Шрифт:
– Александр Липницкий… – Смерть наткнулась в своей книжице на это имя, и ее глаза увлажнились. – Я обещала Саше никому не рассказывать о его последних словах. – Смерть шмыгнула носом. – Но это было… он погиб, спасая свою собаку. Тирекса. И последние слова Тирекса к Саше я тоже не могу тебе передать. – Смерть снова шмыгнула носом. – Я обещала Тирексу.

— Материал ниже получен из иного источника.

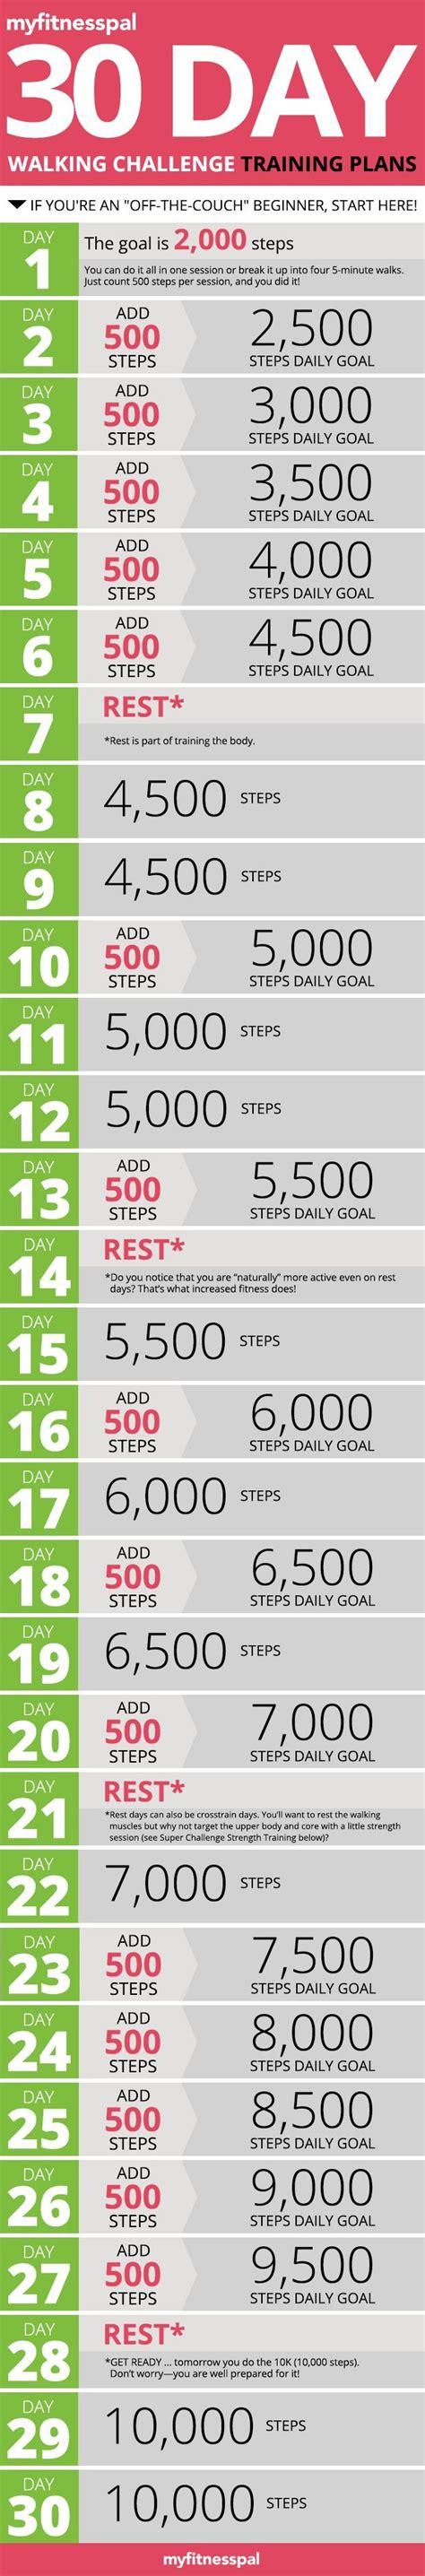 work weight loss challenge spreadsheet new weight loss challenge

Казалось, что сейчас она не сдержится и заплачет, но, слава богу, звякнул ее пейджер, и она отправилась убивать. А когда вернулась, рассказала, что Стив Джобс сказал, умирая: «Ух ты. Ничего себе. Ух ты!» – хотя ничего такого уж «ух ты» его не ждало. А я, вспомнив старый анекдот, спросил смерть про графа Шереметева. Ну, помните ту смешную рассказку: мол, генерал-фельдмаршал Шереметев, умирая, завещал потомкам назвать в его честь аэропорт. Смерть долго рылась в своей записной книжке, а потом подтвердила: да, это были его последние слова. А когда не знающие, что такое аэропорт, потомки спросили графа: какой аэропорт?! – граф сказал: оба. И умер. А некий Думиани из Нигерии сказал, что если у тебя есть дрель – ты можешь просверлить все, кроме дрели. Если же у тебя есть две дрели – ты можешь просверлить всё. «Не знаю, почему он так сказал, – добавила смерть, – у него вообще ни одной дрели не было». А Оскар Уайльд, умиравший в гостиничном номере, с тоской взглянул на безвкусные обои и иронично заметил: «Эти обои ужасны. Кто-то из нас должен уйти». Это были его последние слова.

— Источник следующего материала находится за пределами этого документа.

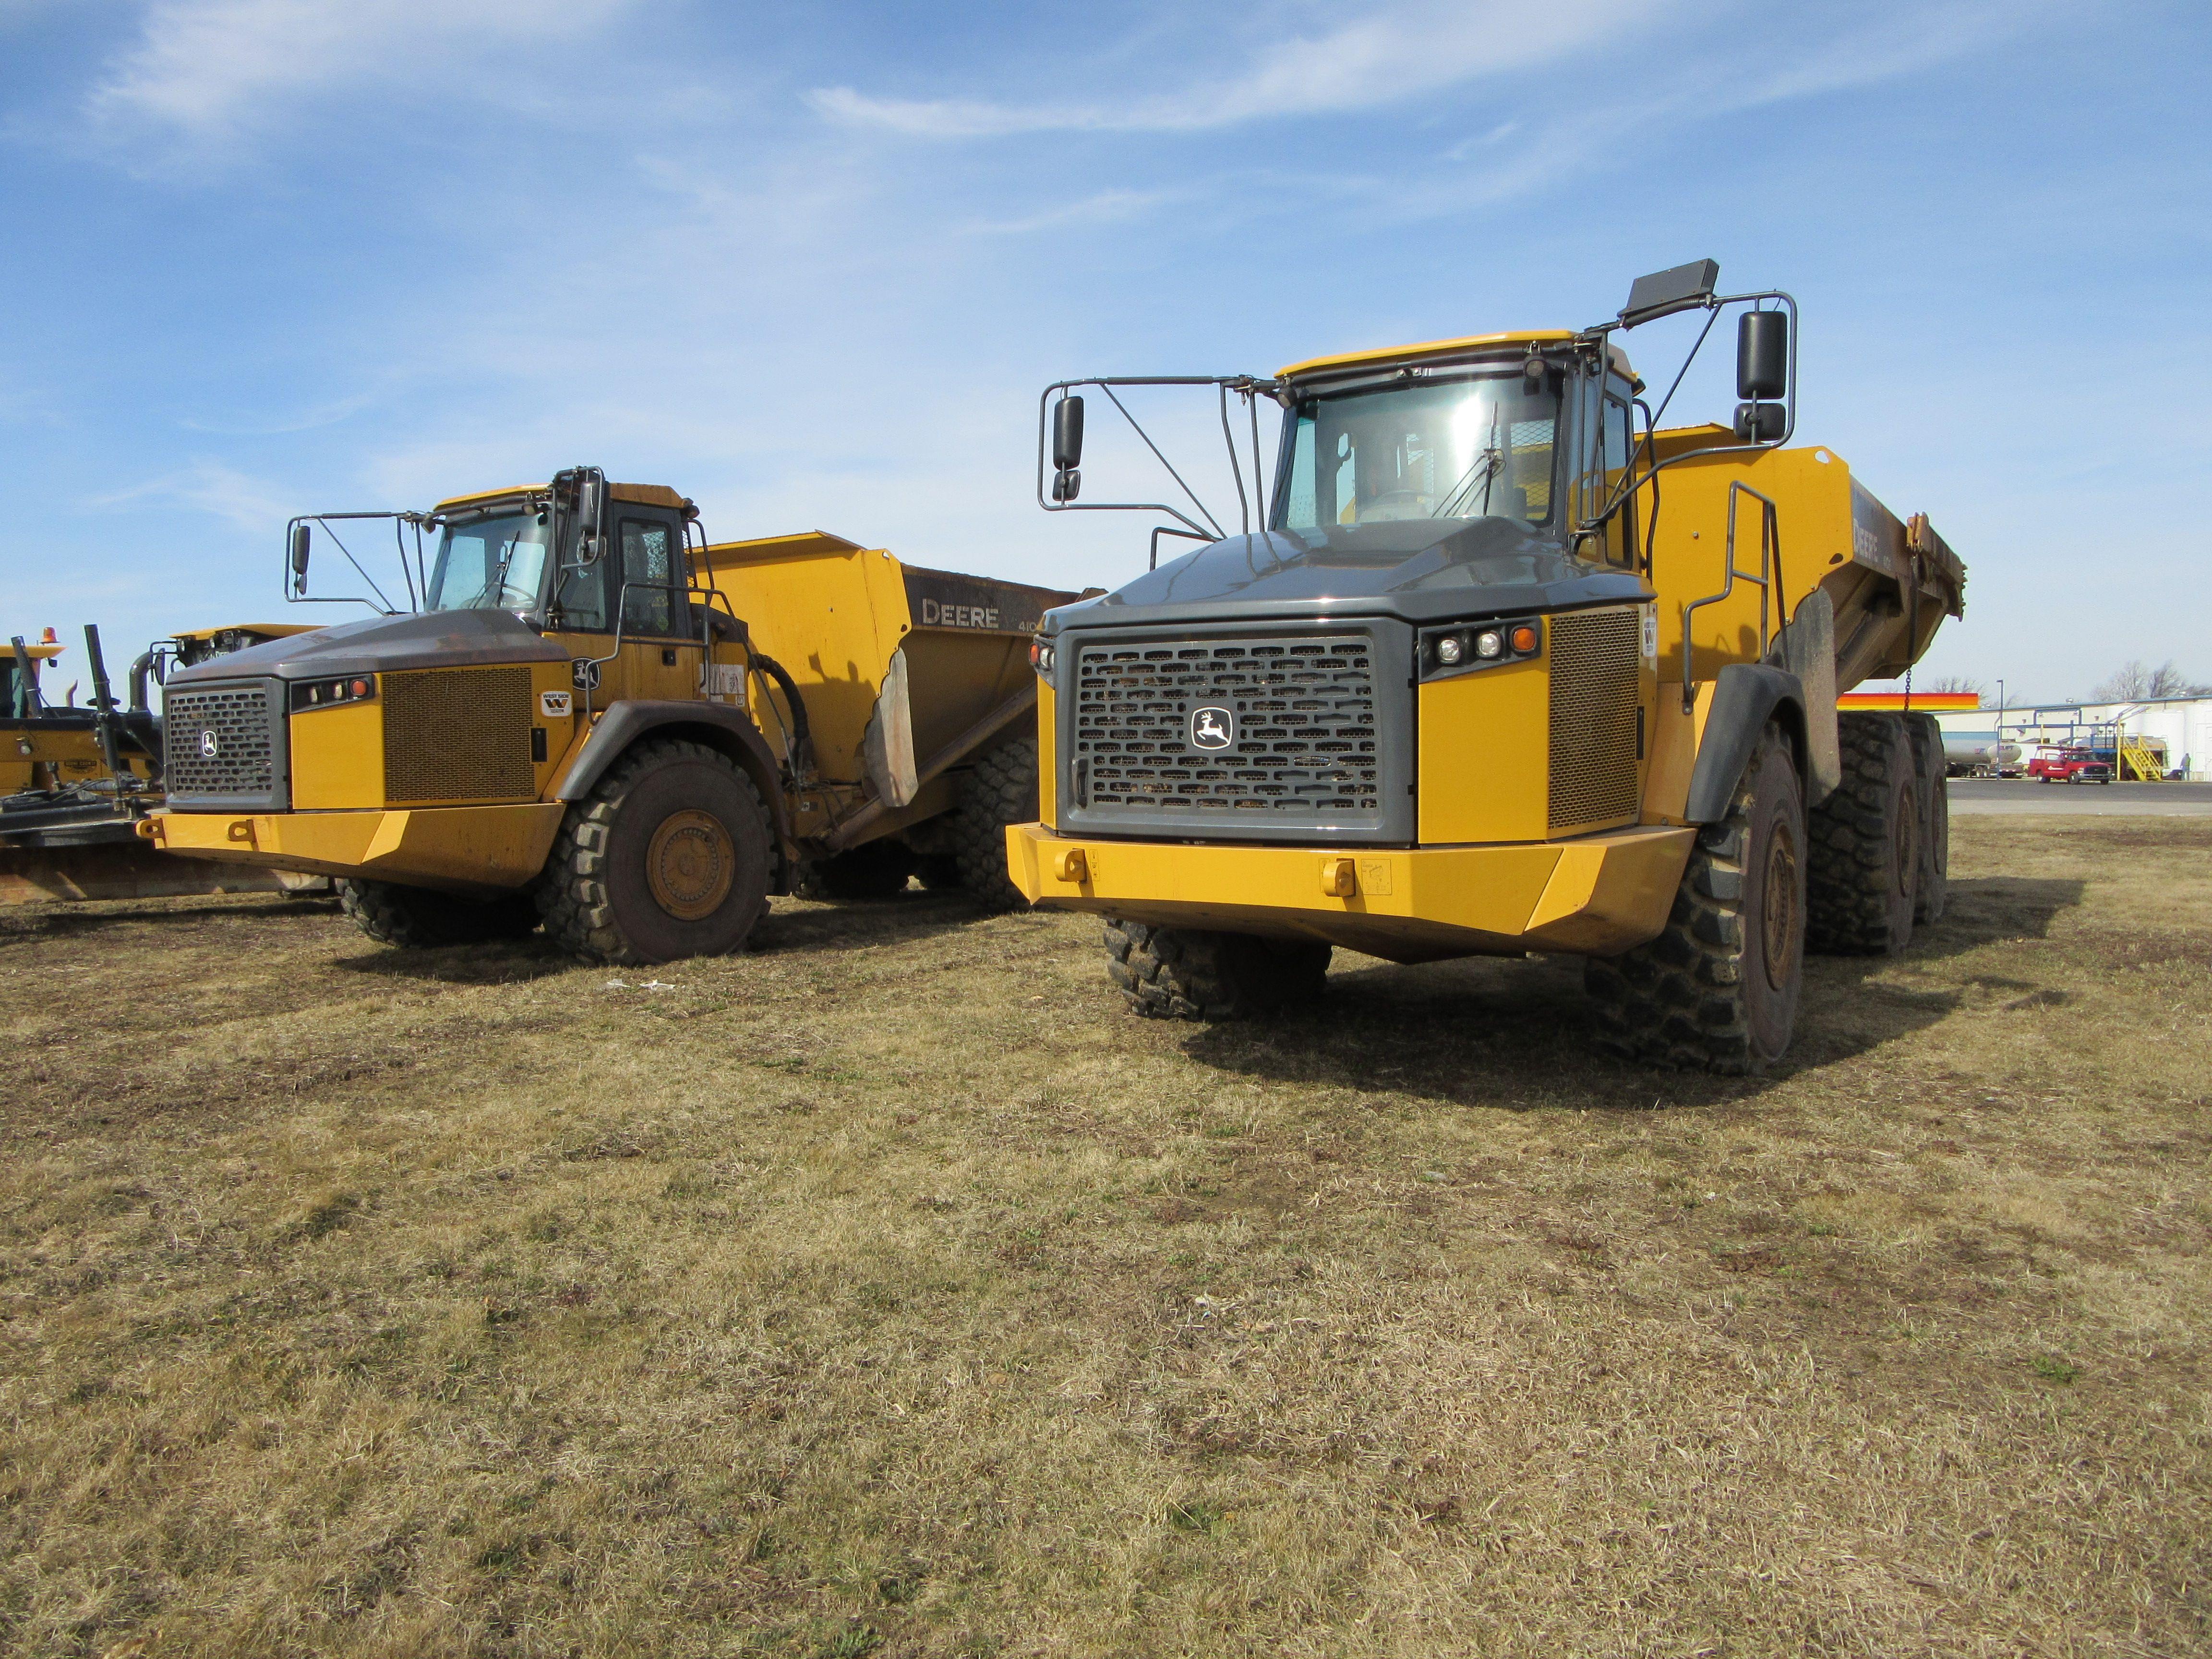 yellow john deere 310sk backhoe & blue tri axle mack model rb dump

Через два часа и восемь минут вы получите сообщение от абонента 8-925-170-73-10. Дослушайте его до конца. Это не спам. Это мои последние слова перед смертью. Я их записываю на диктофон моего айфона, сидя в бабушкиной квартире на Соколе. Того айфона, который изобрел Стив Джобс, последние слова которого были: «Ух ты. Ничего себе. Ух ты». Ну проверю, что там за «ух ты». Через два часа и восемь минут. Даже меньше уже чем через два часа и восемь минут.
А обои в квартире на Соколе, кстати, симпатичные. Не то что у Оскара Уайльда. Мы с бабушкой сами выбирали.
Пляшем
Ну а еще там, в не мире, смерть во время одного из своих возвращений рассказала мне, что специально поддалась тогда – в фильме Бергмана. Что она никогда не проигрывает ни в шахматы, ни в карты. И что в этом-то и есть смысл смерти – что она никогда не проигрывает. А еще смерть, которая никогда не проигрывает, еще и никогда не пьет. Ни водки, ни виски. Даже коньяк не пьет. Короче, вообще ничего не пьет. А вот кефир – любит. Трехпроцентный. Никогда я еще не чувствовал себя так странно, как чокаясь кефиром со смертью. Смерть, кстати, про мою смерть отказалась говорить. Спросила, причем зло как-то спросила: кого ты хочешь обмануть? А я ответил: не тебя. Только Бога. Вот тогда мы и чокнулись кефиром. Трехпроцентным.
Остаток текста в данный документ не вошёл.